3. The phenolic resin foam according to the above item 1 or 2, wherein The blowing agent is a low-boiling hydrocarbon containing 0.2 to 50% by weight, based on the blowing agent, of a high-boiling aliphatic hydrocarbon or a high-boiling alicyclic hydrocarbon or a mixture thereof. The phenolic resin foam according to the above 1, 2, or 3.

Hereinafter, the present invention will be described in detail. The phenolic resin foam of the present invention needs to have a closed cell rate of 80% or more. It is more preferably at least 85%, further preferably at least 90%. When the closed cell ratio is less than 80%, the foaming agent of the phenolic resin foam is replaced with air, and not only the heat insulation performance may be significantly reduced with time, but also the surface brittleness of the foam may increase to make it practically usable. There is a concern that performance will not be satisfied.

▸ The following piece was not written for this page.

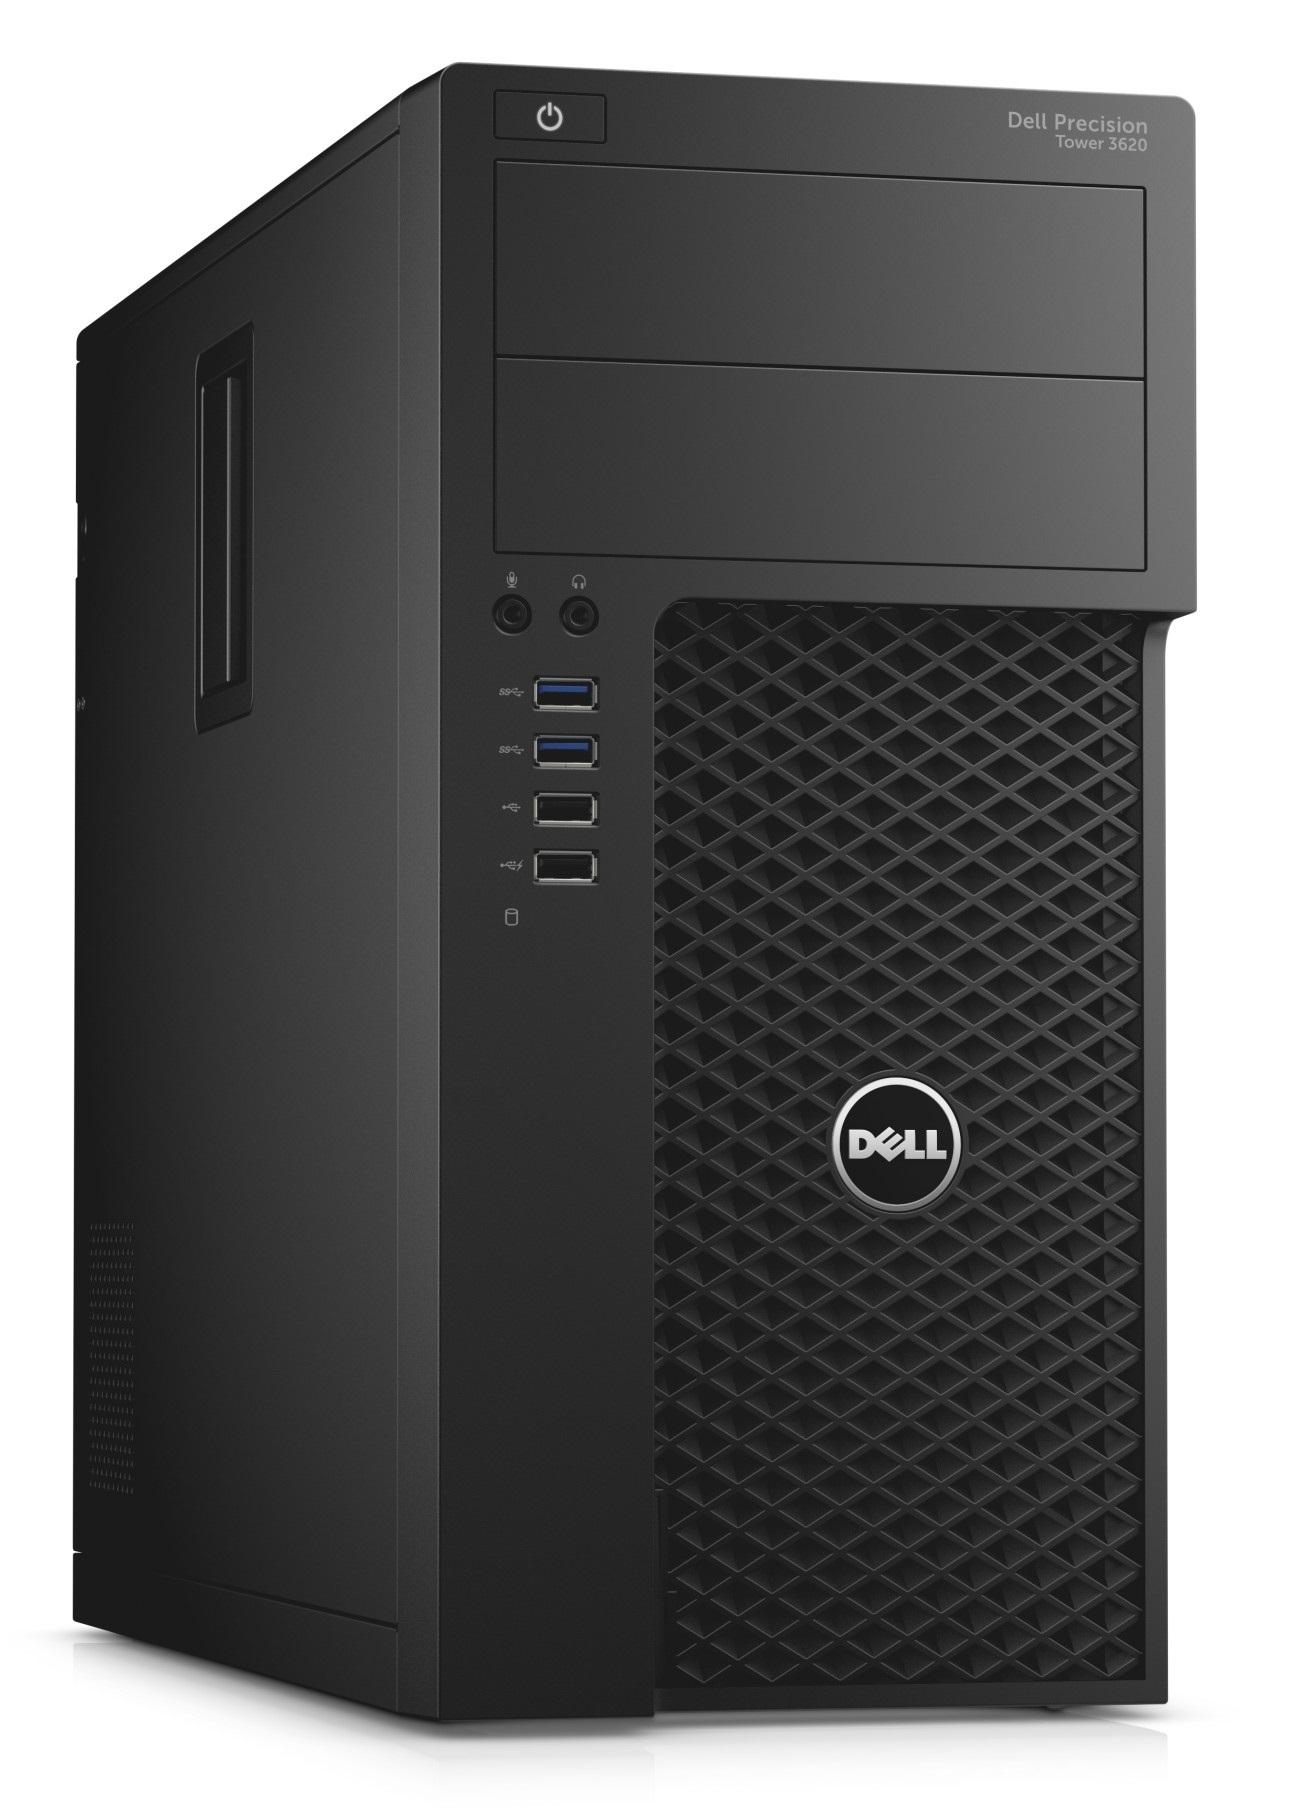 Dell Precision T3620 MT i7-6700/16G/256SSD/P2000-5G/DP/W10P/3R NBD

The average cell diameter of the phenolic resin foam in the present invention is from 10 μm to 400 μm, more preferably from 20 μm to 200 μm. When the average cell diameter is less than 10 μm, there is a limit to the thickness of the cell wall, so that the foam density inevitably increases, and as a result, the heat transfer ratio of the resin portion in the foam increases, and the heat insulation of the phenol resin foam increases. Performance may be insufficient. On the other hand, when the cell diameter exceeds 400 μm, heat conduction by radiation increases, and the heat insulating performance of the foam decreases.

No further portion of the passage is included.